Archived-At: <https://mailarchive.ietf.org/arch/msg/tcpm/pN1fARPVzqcDlt--xiMoDm_loAM>
Subject: [tcpm] CUBIC rfc8312bis / WGLC Issue 1
X-BeenThere: tcpm@ietf.org
X-Mailman-Version: 2.1.39
Precedence: list
List-Id: TCP Maintenance and Minor Extensions Working Group <tcpm.ietf.org>
List-Unsubscribe: <https://www.ietf.org/mailman/options/tcpm>, <mailto:tcpm-request@ietf.org?subject=unsubscribe>
List-Archive: <https://mailarchive.ietf.org/arch/browse/tcpm/>
List-Post: <mailto:tcpm@ietf.org>
List-Help: <mailto:tcpm-request@ietf.org?subject=help>
List-Subscribe: <https://www.ietf.org/mailman/listinfo/tcpm>, <mailto:tcpm-request@ietf.org?subject=subscribe>
X-List-Received-Date: Tue, 14 Jun 2022 14:38:12 -0000

Hi all,

this thread starts the discussion on the issue 1: the incorrect model 
for determining CUBIC alpha for the congestion avoidance (CA) phase 
(Issue 1 a) and the inadequate validation of a proper constant C for the 
CUBIC window increase function (Issue 1 b).


Issue 1 a)
----------

The model that CUBIC uses to be fair to Reno CC (in Reno-friendly region) 
is unvalidated and actually incorrect.

A more detailed description of the issue:

The original paper manuscript that CUBIC bases its behaviour in the 
Reno-friendly region did a preliminary attempt to validate the model but 
failed (and the paper never got published). This is the only known 
attempt to validate the model and even this failed validation attempt was 
quite light, consisting of only a couple of network settings and 
obviously did not use any replications for the results shown in the 
paper. Hence, even the statistical validity of the results remains 
questionable. Results were shown only for a setting with AQM enabled at 
the bottleneck router. The results for a tail-drop case are missing in 
the paper manuscript.

The report (creno.pdf, see a pointer to the doc in the email pointed to 
below) that Bob wrote provides some explanation why the model does not 
give correct results and thereby the resulting behaviour presented in the 
original paper notably deviates from that of Reno CC. The email that I 
wrote to the wg list

  https://mailarchive.ietf.org/arch/msg/tcpm/bds-h_a6-NliTjx-ZqUSaFpSSnA/

complements Bob's explanation for the AQM case and corrects Bob's 
analysis for the tail-drop case, explaining why the model is incorrect 
for the traditional and still today prevailing tail-drop router case.

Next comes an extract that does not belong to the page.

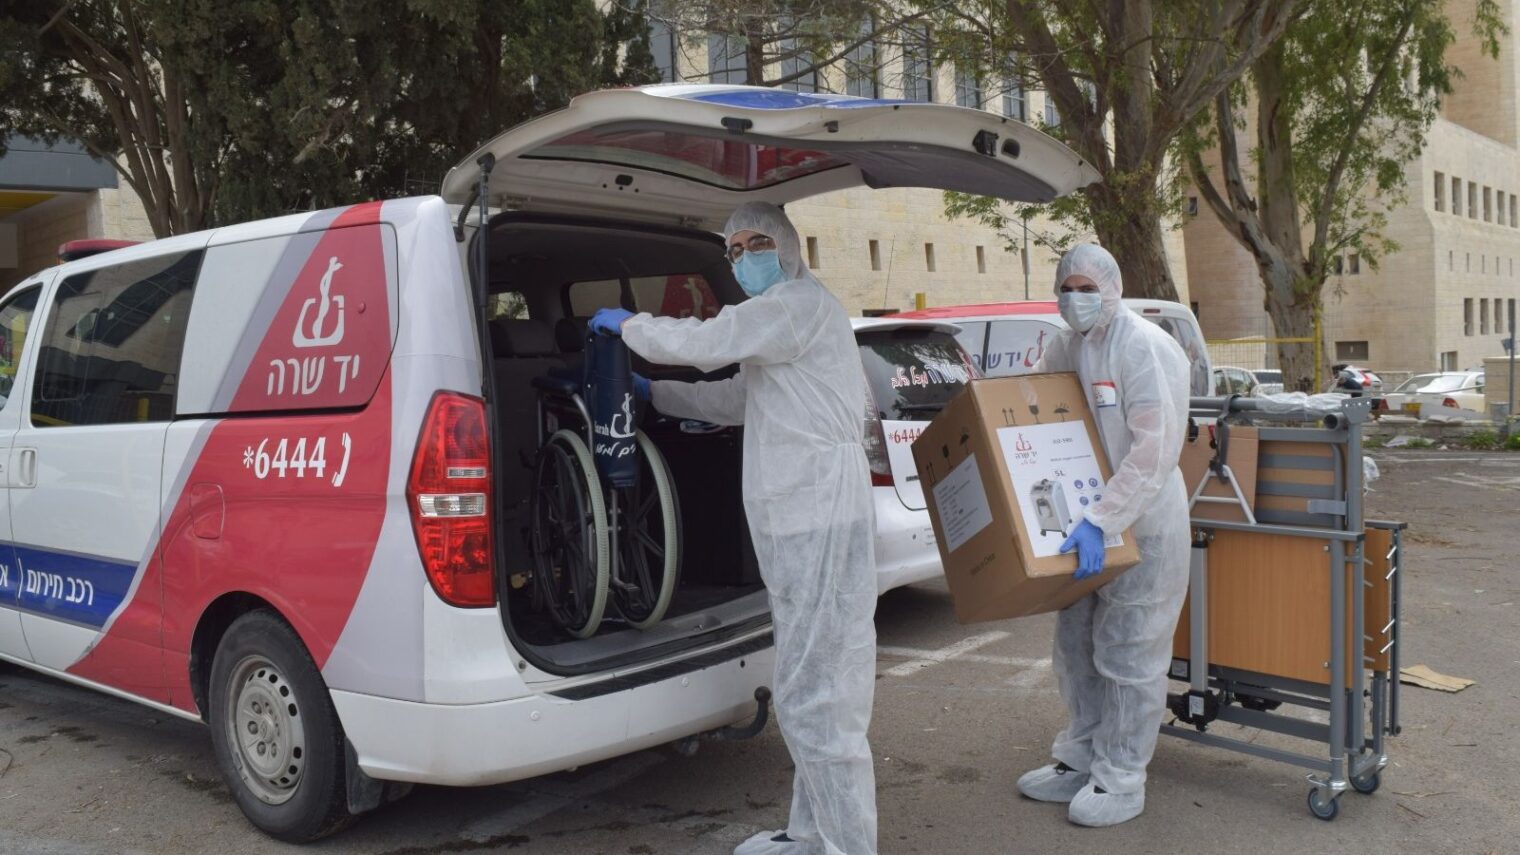 Yad Sarah personnel suit up in protective gear to supply those quarantined at home with the medical supplies and services they require. Photo: courtesy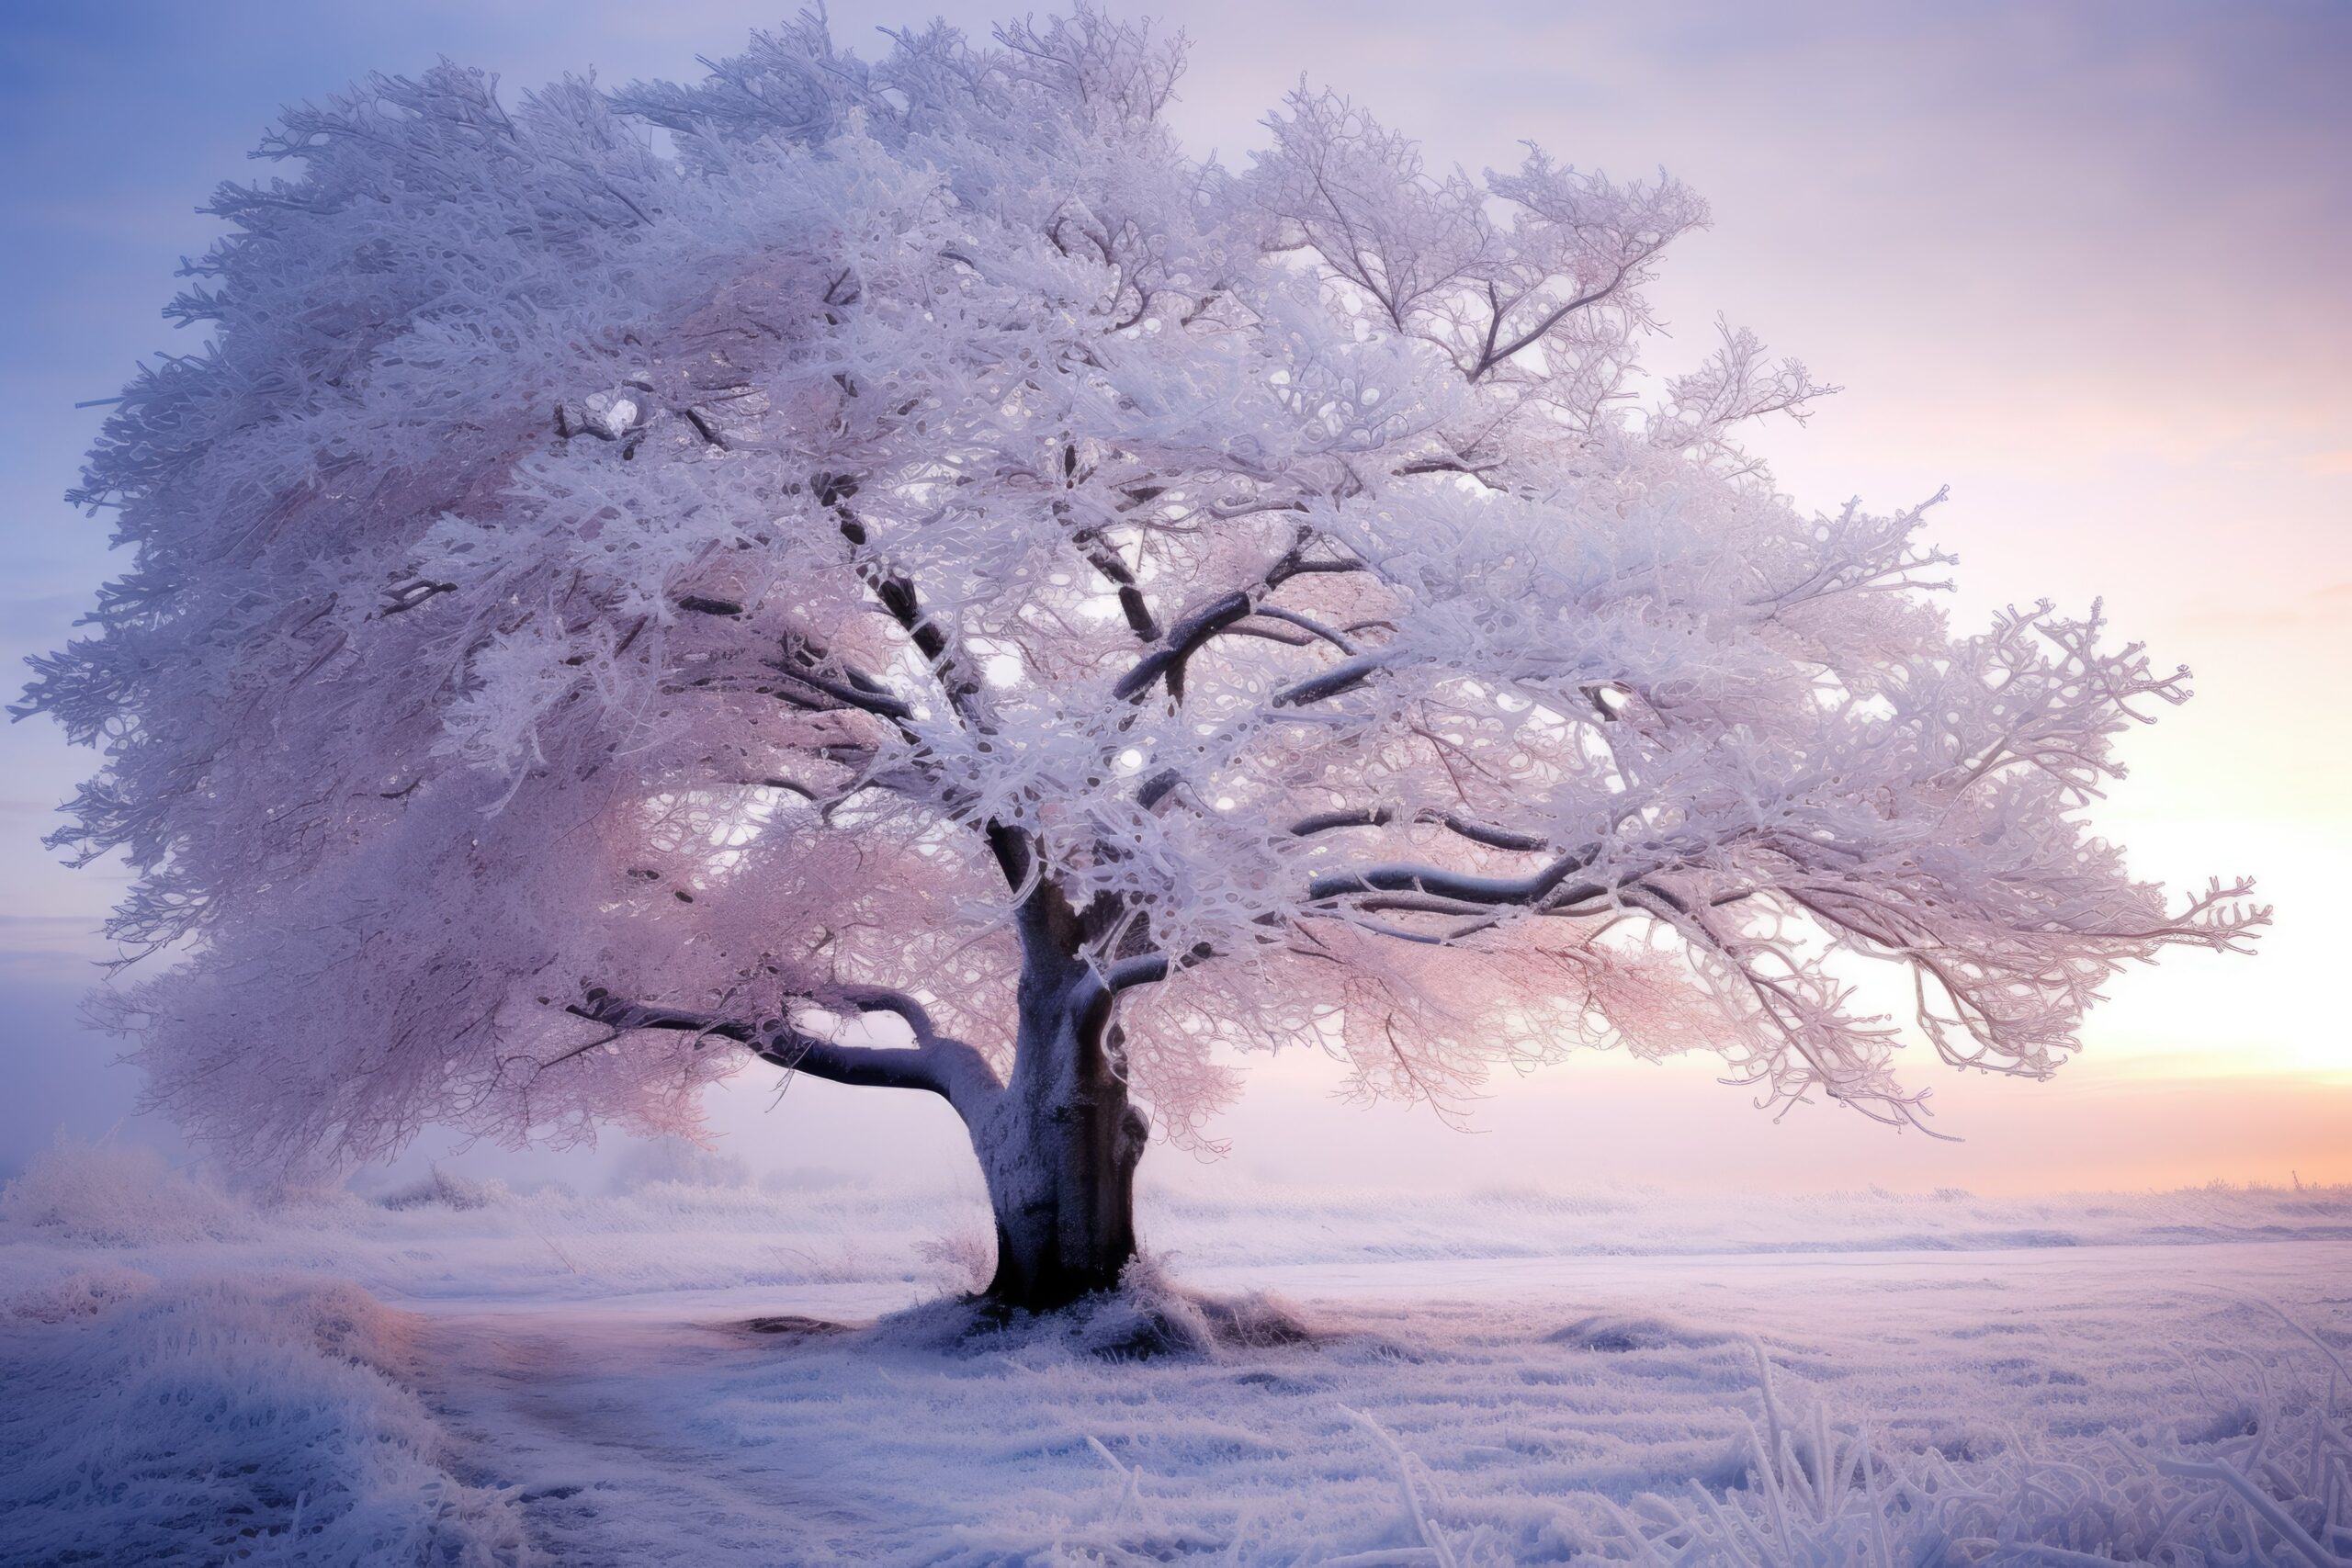 Snowy landscape with a solitary frozen tree

Consequently, the use of the incorect model results in unknown behaviour 
of CUBIC when in the Reno-friendly region. Moreover, it is quite likely 
that the behaviour is different with different AQM implementations at the 
bottleneck, resulting in even more random behavior. This alone is very 
problematic and becomes more problematic when considering how moving out 
from the Reno-friendly region is specified: when the genuine CUBIC 
formula gives a larger cwnd than the cwnd that the Reno-friendly model 
gives, CUBIC moves to the genuine CUBIC mode that is significantly more 
aggressive than Reno CC.

Therefore, if the incorrect model gives too low cwnd for mimicked Reno 
CC, CUBIC moves too early to the genuine CUBIC mode and becomes too 
agggressive too early even though it should behave equally aggressive as 
Reno CC. On the other hand, if the incorrect model gives too large cwnd, 
CUBIC is too aggressive throughout the Reno-friendly region.
In summary, if the model is not correct, it results in more aggressive 
behaviour than Reno CC no matter which direction the model fails.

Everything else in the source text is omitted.